Records from a data collection:
==============================

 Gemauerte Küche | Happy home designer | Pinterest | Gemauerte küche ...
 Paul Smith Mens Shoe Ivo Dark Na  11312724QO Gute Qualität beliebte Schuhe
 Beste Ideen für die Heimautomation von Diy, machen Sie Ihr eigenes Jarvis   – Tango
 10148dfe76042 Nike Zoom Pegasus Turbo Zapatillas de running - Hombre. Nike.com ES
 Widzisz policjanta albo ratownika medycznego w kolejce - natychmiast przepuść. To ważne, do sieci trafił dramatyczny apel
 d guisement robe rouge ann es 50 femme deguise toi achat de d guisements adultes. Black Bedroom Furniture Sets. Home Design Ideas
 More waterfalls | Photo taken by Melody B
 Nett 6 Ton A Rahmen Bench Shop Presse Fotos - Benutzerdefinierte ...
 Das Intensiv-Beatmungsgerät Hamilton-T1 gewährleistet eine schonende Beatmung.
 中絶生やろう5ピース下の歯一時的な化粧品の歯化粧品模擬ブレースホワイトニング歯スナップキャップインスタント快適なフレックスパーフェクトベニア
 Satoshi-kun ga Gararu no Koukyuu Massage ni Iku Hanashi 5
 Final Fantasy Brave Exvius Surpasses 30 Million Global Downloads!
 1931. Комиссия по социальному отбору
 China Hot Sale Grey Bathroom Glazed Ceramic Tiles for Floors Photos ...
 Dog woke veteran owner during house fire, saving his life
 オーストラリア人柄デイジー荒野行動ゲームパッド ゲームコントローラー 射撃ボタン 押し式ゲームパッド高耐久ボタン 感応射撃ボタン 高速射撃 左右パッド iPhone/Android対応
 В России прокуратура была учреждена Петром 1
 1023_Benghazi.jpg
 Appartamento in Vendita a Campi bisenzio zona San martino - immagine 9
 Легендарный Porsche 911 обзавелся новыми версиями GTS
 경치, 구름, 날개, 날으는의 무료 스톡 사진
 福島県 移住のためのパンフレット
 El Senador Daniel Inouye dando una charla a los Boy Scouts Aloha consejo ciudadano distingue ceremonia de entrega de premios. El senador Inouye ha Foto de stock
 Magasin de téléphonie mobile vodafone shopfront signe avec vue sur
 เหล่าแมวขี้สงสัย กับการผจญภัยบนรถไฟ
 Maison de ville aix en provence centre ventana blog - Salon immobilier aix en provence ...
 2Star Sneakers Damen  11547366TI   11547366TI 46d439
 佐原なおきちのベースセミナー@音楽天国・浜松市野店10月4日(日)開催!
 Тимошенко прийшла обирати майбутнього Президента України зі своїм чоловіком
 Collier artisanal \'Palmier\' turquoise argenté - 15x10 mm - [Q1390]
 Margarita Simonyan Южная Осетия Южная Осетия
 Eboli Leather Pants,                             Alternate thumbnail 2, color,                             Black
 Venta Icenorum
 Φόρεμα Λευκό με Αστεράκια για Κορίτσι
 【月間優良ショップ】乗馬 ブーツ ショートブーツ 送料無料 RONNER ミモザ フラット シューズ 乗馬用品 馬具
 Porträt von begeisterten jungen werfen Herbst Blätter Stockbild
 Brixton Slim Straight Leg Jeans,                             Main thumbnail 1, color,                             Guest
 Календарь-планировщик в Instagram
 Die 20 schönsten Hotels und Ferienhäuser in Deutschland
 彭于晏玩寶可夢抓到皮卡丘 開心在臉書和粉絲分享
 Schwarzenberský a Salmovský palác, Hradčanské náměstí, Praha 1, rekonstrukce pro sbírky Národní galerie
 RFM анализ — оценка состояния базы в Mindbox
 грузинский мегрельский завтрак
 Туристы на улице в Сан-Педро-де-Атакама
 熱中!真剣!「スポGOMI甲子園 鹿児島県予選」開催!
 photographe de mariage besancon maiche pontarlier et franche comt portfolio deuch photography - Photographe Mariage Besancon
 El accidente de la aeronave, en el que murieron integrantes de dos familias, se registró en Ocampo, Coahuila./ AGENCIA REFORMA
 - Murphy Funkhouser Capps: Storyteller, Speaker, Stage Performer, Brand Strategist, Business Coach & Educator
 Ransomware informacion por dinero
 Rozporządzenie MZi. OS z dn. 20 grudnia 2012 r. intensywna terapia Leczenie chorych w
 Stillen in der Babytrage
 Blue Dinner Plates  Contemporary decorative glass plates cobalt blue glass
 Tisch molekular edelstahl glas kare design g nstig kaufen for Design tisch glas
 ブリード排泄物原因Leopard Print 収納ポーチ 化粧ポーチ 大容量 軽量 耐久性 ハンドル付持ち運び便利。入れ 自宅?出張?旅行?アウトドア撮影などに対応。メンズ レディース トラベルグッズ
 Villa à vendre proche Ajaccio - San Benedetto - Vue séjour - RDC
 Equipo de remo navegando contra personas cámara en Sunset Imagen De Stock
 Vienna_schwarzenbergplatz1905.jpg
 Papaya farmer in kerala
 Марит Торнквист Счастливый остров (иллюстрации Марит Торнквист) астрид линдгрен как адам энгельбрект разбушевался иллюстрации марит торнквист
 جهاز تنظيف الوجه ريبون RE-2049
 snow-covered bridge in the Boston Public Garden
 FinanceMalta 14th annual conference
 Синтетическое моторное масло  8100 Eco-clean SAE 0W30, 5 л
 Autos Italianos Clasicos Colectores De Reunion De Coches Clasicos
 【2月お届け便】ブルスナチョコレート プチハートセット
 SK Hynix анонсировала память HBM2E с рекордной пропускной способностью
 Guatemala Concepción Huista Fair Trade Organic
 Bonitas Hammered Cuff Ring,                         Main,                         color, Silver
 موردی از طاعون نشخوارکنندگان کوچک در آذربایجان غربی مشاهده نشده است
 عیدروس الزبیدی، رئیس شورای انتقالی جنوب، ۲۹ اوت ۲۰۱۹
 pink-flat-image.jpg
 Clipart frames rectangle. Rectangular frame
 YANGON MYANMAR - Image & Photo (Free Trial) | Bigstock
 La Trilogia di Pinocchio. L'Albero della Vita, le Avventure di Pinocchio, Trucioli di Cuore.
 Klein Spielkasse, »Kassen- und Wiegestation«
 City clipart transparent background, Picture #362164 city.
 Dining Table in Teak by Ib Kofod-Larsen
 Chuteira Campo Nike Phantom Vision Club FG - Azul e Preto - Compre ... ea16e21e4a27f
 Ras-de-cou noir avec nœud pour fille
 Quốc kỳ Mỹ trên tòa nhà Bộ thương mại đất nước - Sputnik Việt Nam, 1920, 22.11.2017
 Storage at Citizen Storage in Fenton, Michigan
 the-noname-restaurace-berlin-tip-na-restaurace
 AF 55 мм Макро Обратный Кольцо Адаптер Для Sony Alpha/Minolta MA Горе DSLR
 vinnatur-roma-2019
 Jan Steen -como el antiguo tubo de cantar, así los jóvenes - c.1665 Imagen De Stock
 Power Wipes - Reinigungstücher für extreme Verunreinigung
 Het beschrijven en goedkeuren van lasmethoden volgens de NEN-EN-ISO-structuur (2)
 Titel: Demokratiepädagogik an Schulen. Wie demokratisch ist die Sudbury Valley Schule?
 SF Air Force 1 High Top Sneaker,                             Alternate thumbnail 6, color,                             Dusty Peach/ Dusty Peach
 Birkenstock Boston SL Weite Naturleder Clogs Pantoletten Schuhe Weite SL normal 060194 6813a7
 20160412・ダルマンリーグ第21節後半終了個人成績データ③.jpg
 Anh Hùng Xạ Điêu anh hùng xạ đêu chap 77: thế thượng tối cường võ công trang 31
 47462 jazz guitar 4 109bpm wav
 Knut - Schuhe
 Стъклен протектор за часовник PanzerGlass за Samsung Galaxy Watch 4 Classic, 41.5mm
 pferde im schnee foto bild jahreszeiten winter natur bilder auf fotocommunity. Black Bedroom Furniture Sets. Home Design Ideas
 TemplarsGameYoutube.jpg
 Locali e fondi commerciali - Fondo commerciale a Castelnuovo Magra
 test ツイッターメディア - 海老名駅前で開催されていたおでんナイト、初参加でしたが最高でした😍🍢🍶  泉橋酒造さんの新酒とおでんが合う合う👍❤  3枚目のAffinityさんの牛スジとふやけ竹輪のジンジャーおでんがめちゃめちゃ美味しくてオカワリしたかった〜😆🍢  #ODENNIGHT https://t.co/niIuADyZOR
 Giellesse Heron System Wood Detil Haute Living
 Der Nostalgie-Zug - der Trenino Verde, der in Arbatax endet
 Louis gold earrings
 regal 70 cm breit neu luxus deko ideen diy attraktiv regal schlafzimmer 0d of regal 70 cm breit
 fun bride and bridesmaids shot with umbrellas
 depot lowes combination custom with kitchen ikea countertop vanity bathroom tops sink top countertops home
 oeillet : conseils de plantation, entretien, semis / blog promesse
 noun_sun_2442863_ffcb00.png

==============================

• [Task directions]
Output each line exactly, from the first line of the data down to the line that contains "福島県 移住のためのパンフレット", both included.

• [Output below]
 Gemauerte Küche | Happy home designer | Pinterest | Gemauerte küche ...
 Paul Smith Mens Shoe Ivo Dark Na  11312724QO Gute Qualität beliebte Schuhe
 Beste Ideen für die Heimautomation von Diy, machen Sie Ihr eigenes Jarvis   – Tango
 10148dfe76042 Nike Zoom Pegasus Turbo Zapatillas de running - Hombre. Nike.com ES
 Widzisz policjanta albo ratownika medycznego w kolejce - natychmiast przepuść. To ważne, do sieci trafił dramatyczny apel
 d guisement robe rouge ann es 50 femme deguise toi achat de d guisements adultes. Black Bedroom Furniture Sets. Home Design Ideas
 More waterfalls | Photo taken by Melody B
 Nett 6 Ton A Rahmen Bench Shop Presse Fotos - Benutzerdefinierte ...
 Das Intensiv-Beatmungsgerät Hamilton-T1 gewährleistet eine schonende Beatmung.
 中絶生やろう5ピース下の歯一時的な化粧品の歯化粧品模擬ブレースホワイトニング歯スナップキャップインスタント快適なフレックスパーフェクトベニア
 Satoshi-kun ga Gararu no Koukyuu Massage ni Iku Hanashi 5
 Final Fantasy Brave Exvius Surpasses 30 Million Global Downloads!
 1931. Комиссия по социальному отбору
 China Hot Sale Grey Bathroom Glazed Ceramic Tiles for Floors Photos ...
 Dog woke veteran owner during house fire, saving his life
 オーストラリア人柄デイジー荒野行動ゲームパッド ゲームコントローラー 射撃ボタン 押し式ゲームパッド高耐久ボタン 感応射撃ボタン 高速射撃 左右パッド iPhone/Android対応
 В России прокуратура была учреждена Петром 1
 1023_Benghazi.jpg
 Appartamento in Vendita a Campi bisenzio zona San martino - immagine 9
 Легендарный Porsche 911 обзавелся новыми версиями GTS
 경치, 구름, 날개, 날으는의 무료 스톡 사진
 福島県 移住のためのパンフレット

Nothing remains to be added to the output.